The Third Sonata, "Sonata Stramba," emphasizes intensity and contrast. Fittingly, Bolcom wrote it for Nadia Salerno-Sonnenberg. The first movement, a highly idiosyncratic sonata, declaims, broods, and rails. The slow second movement sings. The third movement, a scherzo, starts and finishes in – poof! – the blink of an eye and leads to the finale, a kind of tango, which I believe gives the sonata its sobriquet. It takes one eight- or nine-bar phrase (depending on how you count) to the point of obsession. Indeed, during its first three minutes, it doesn't change tonality. Gradually, it begins to slip its anchor and to take off for harmonically perverse seas, always sailing on its initial idea, until it finds its way to its tonal home again.

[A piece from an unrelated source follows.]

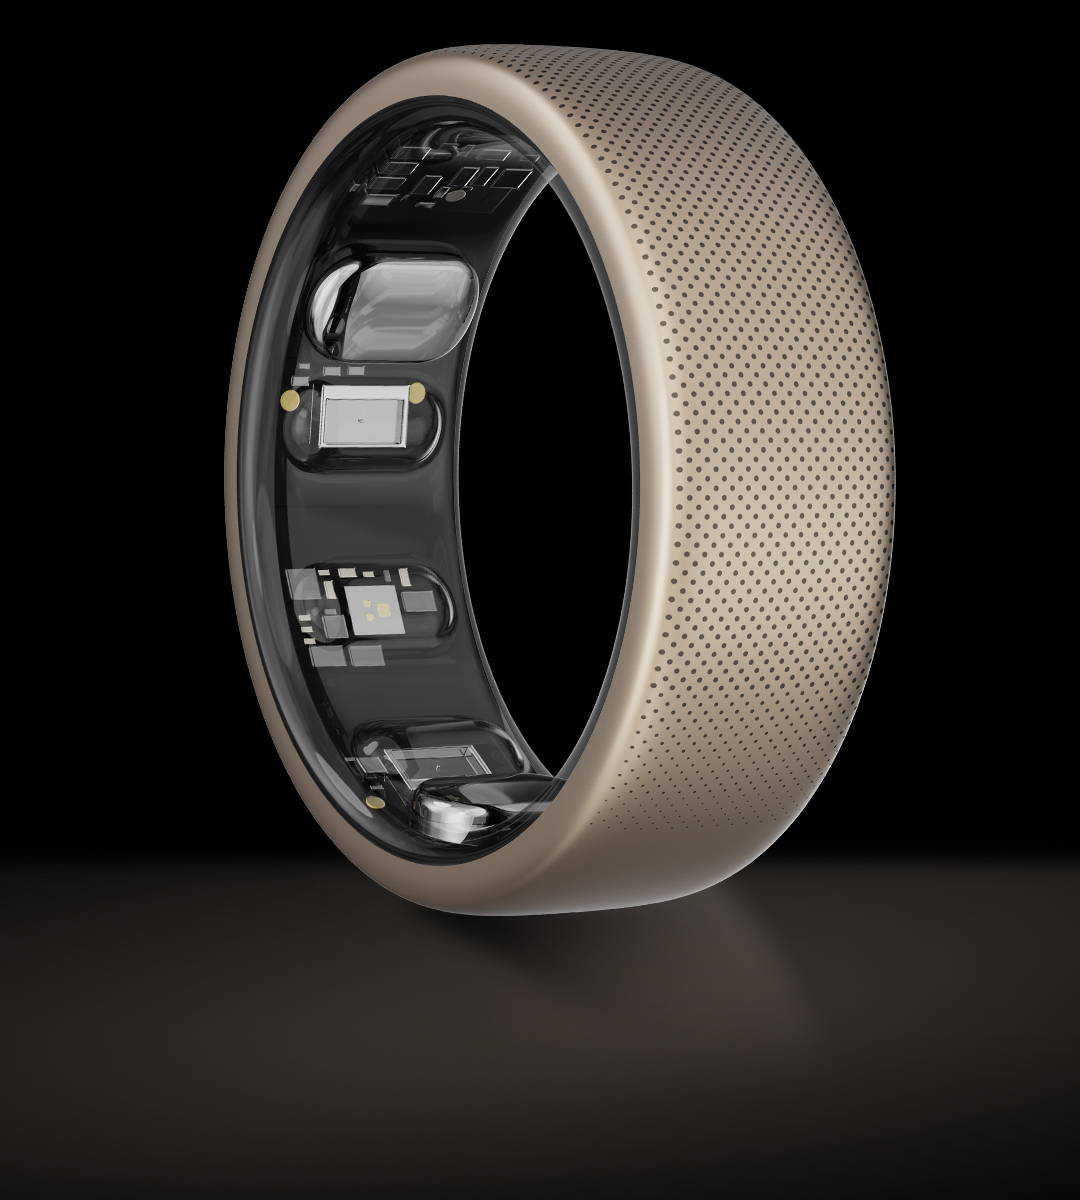 Fitness tracker is a wearable ring and smart assistant - Springwise
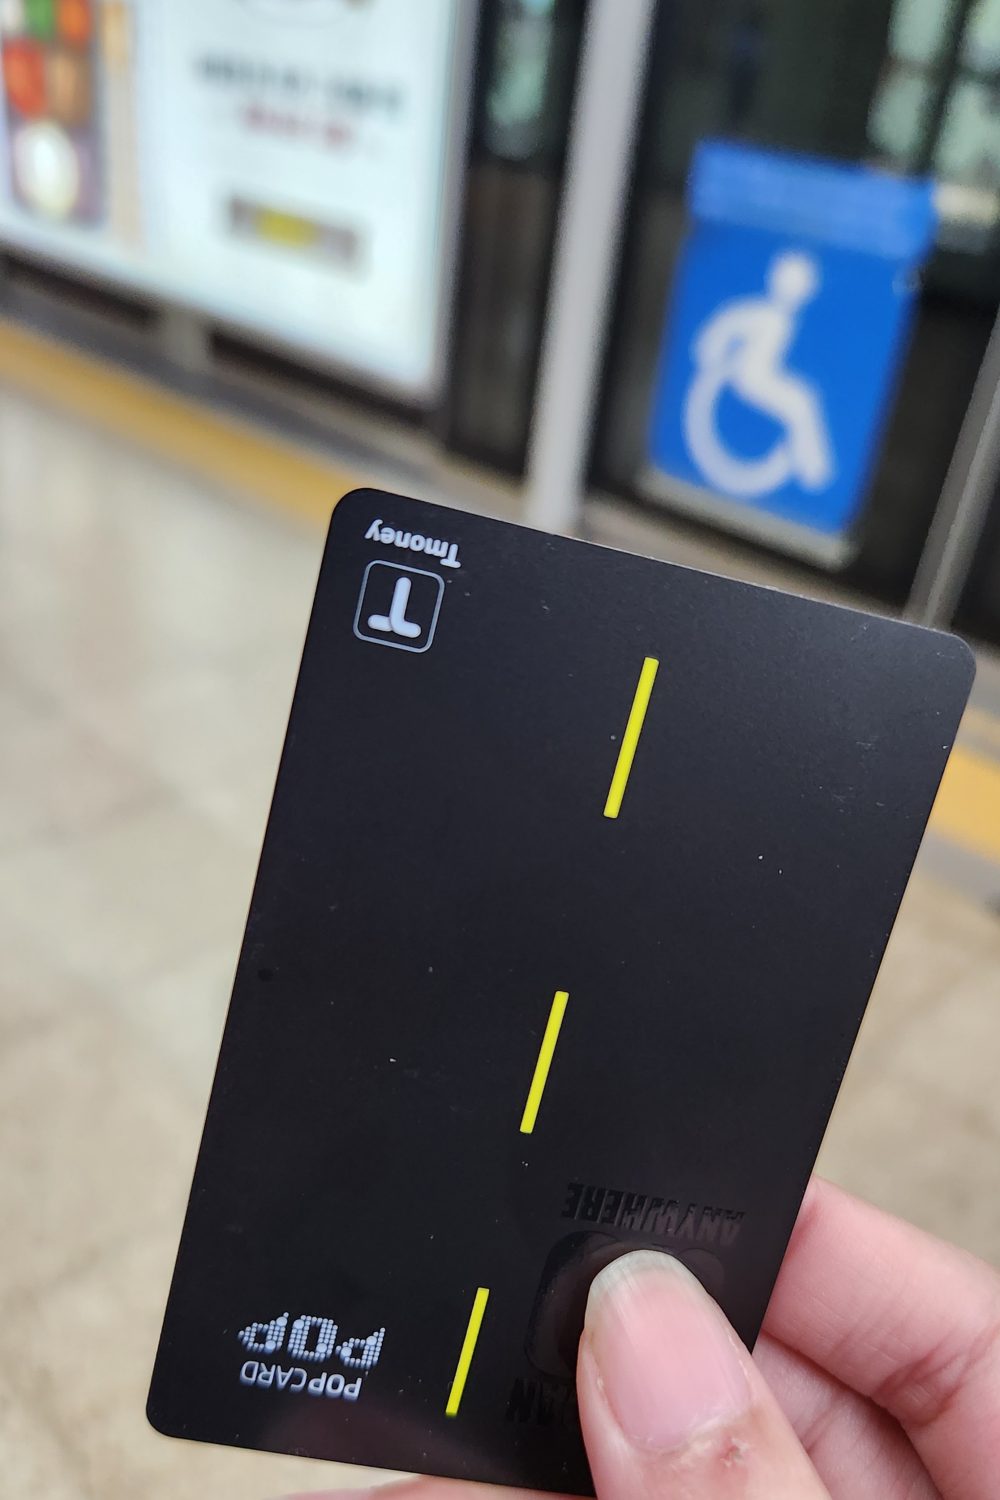 t-money card for metro system in seoul

The Fourth Sonata is probably the best-written and my least favorite. Part of the problem with Bolcom's eclecticism is that it can blur the aesthetic focus of a work, as I think the case here. The opening "Allegro brillante" reminds me a little of Milhaud. I don't know what to make of the slow second movement, "White Night." However, by the third movement, "Arabesque," I'm back on firmer ground. It reminds me of North African music – a single-line chant intoned over and over, until it spills over into the fourth movement, a Spanish jota. At one point, the chant comes back, emphasizing the kinship between Moorish and Spanish culture.
Bolcom's Graceful Ghost rag, counts as a minor hit. It breathes a lovely, refined air, eschewing the too-fancy for a firm belief in simple, clear ideas. Knific and Sims give an elegant performance.
I like the collection of most of Bolcom's violin sonatas in one spot, and the performances come over as musicianly. Both Knific and Sims understand the fit between the violin and the piano in the sonatas. Ensemble is superb. In the Second Sonata, I do prefer Sergiu Luca and (if my memory hasn't failed me) Bolcom at the piano – more poetry. However, the Third Sonata gets a fiery, furious reading. Knific and Sims fill the finale with menace. The disc is a gift to Bolcom's fans and a decent introduction to newcomers.